La elocuencia del Jefe Yuan pareció mejorar de repente. —No puede decir eso. Ya que conoce esta cosa, debe de haber visto a alguien cultivarla antes, ¿verdad? La otra persona la plantó porque le gustaba. Usted no necesita plantarla. Puede venderle la semilla a la persona que la plantó. ¿Qué le parece?

A Shu Yu casi le hizo gracia. —Sí que tengo un amigo que plantó esta flor antes, pero está en Pekín. ¿Cree que se la voy a enviar? Además, como ya la había plantado, ya tenía semillas. ¿Para qué iba a necesitar una semilla de flor que no tiene muy buen aspecto?

Estaba a punto de irse cuando el Jefe Yuan la detuvo de nuevo. —Hermano, no se vaya. Piénselo de esta manera. Si su amigo puede cultivarla, usted también. Más adelante, puede invitarlo a ver quién la cultiva mejor.

Al ver lo mucho que se esforzaba por convencerlo, Shu Yu quiso aceptar de inmediato.

Sin embargo, mantuvo una expresión seria, como si estuviera considerando la posibilidad de lo que él decía. —Lo que dice es interesante. A mi amigo le gusta compararse conmigo en todo. Podré darle una sorpresa más adelante.

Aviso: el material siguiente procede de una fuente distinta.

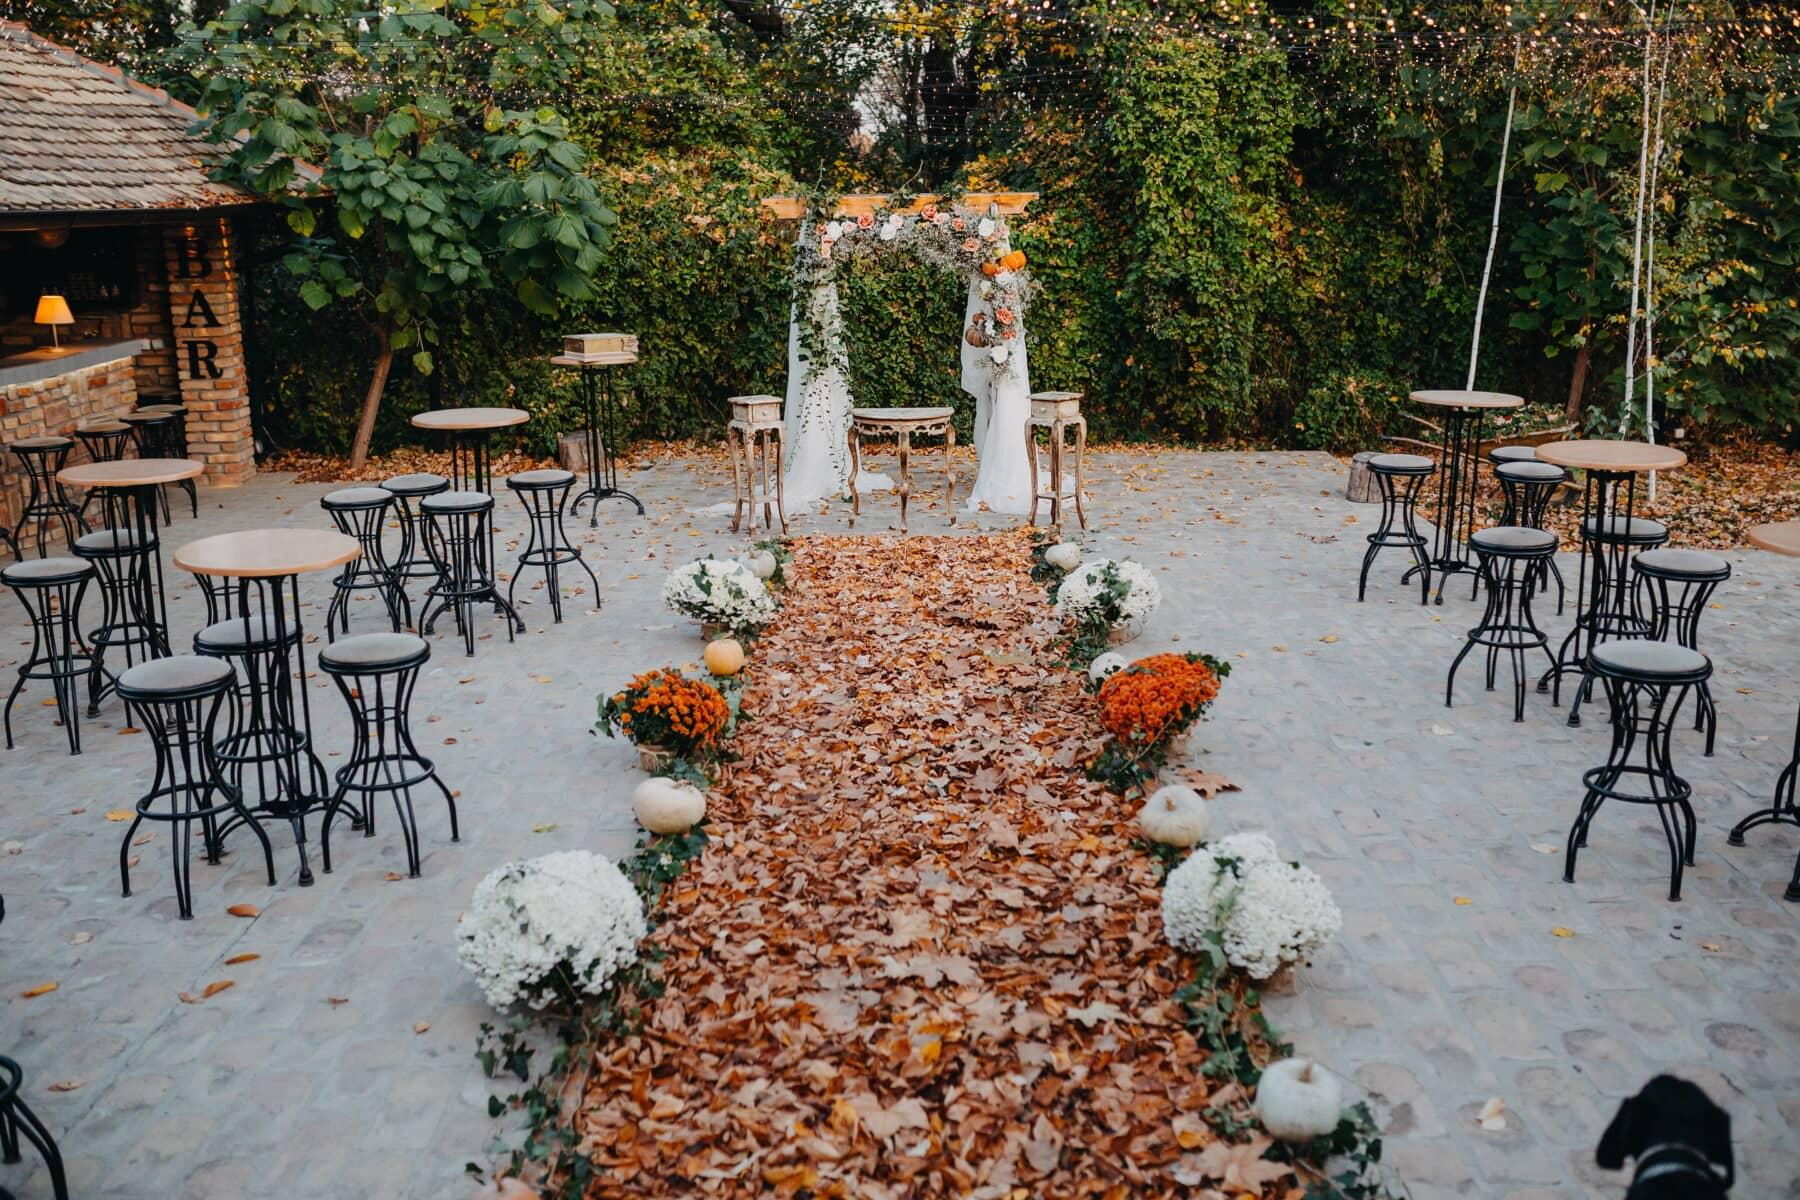 Hochzeitsort, Terrasse, Gehweg, Cafeteria, Herbst, Herbstsaison, elegant, Möbel, Struktur, Sitz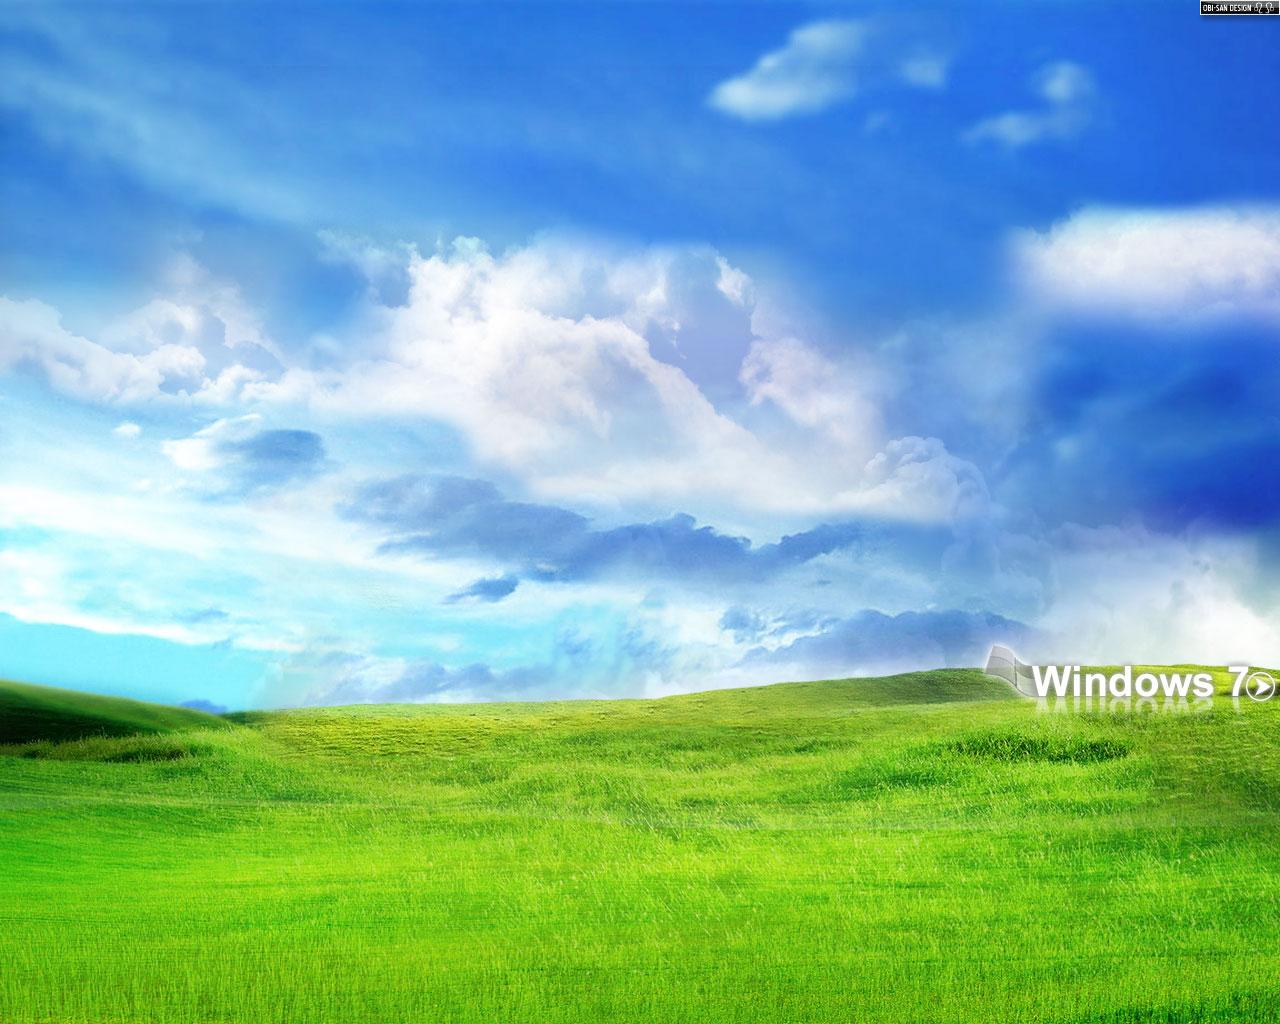 http://4.bp.blogspot.com/-bGUKUdfd08M/TVau3od9TJI/AAAAAAAAAeo/cTWjw--PgMU/s1600/windows_vista_inspirant_4___w7_by_obi_s4n.jpg

Al Jefe Yuan se le iluminaron los ojos y soltó un suspiro de alivio en secreto. —Tiene razón. ¿Qué le parece esto? Cómpremela. No necesito cinco taels de plata. Deme solo un tael. Con un tael es suficiente.

Shu Yu frunció el ceño y se dio la vuelta para marcharse.

El Jefe Yuan dio rápidamente unos pasos para detenerlo. —Entonces, póngale usted el precio, a ver cuánto le parece apropiado —dijo, apretando los dientes.

Shu Yu se tocó la barbilla. —Como mucho, 30 monedas. La compro a riesgo de que mi esposa me dé una paliza. Si no le sirve, puede preguntarle a otro.

Shu Yu quería volver a bajar el precio, pero temía que la otra parte huyera si lo bajaba demasiado.

Después de todo, cuando el Jefe Yuan entró por primera vez en la casa de empeños, esperaba conseguir cien taels de plata.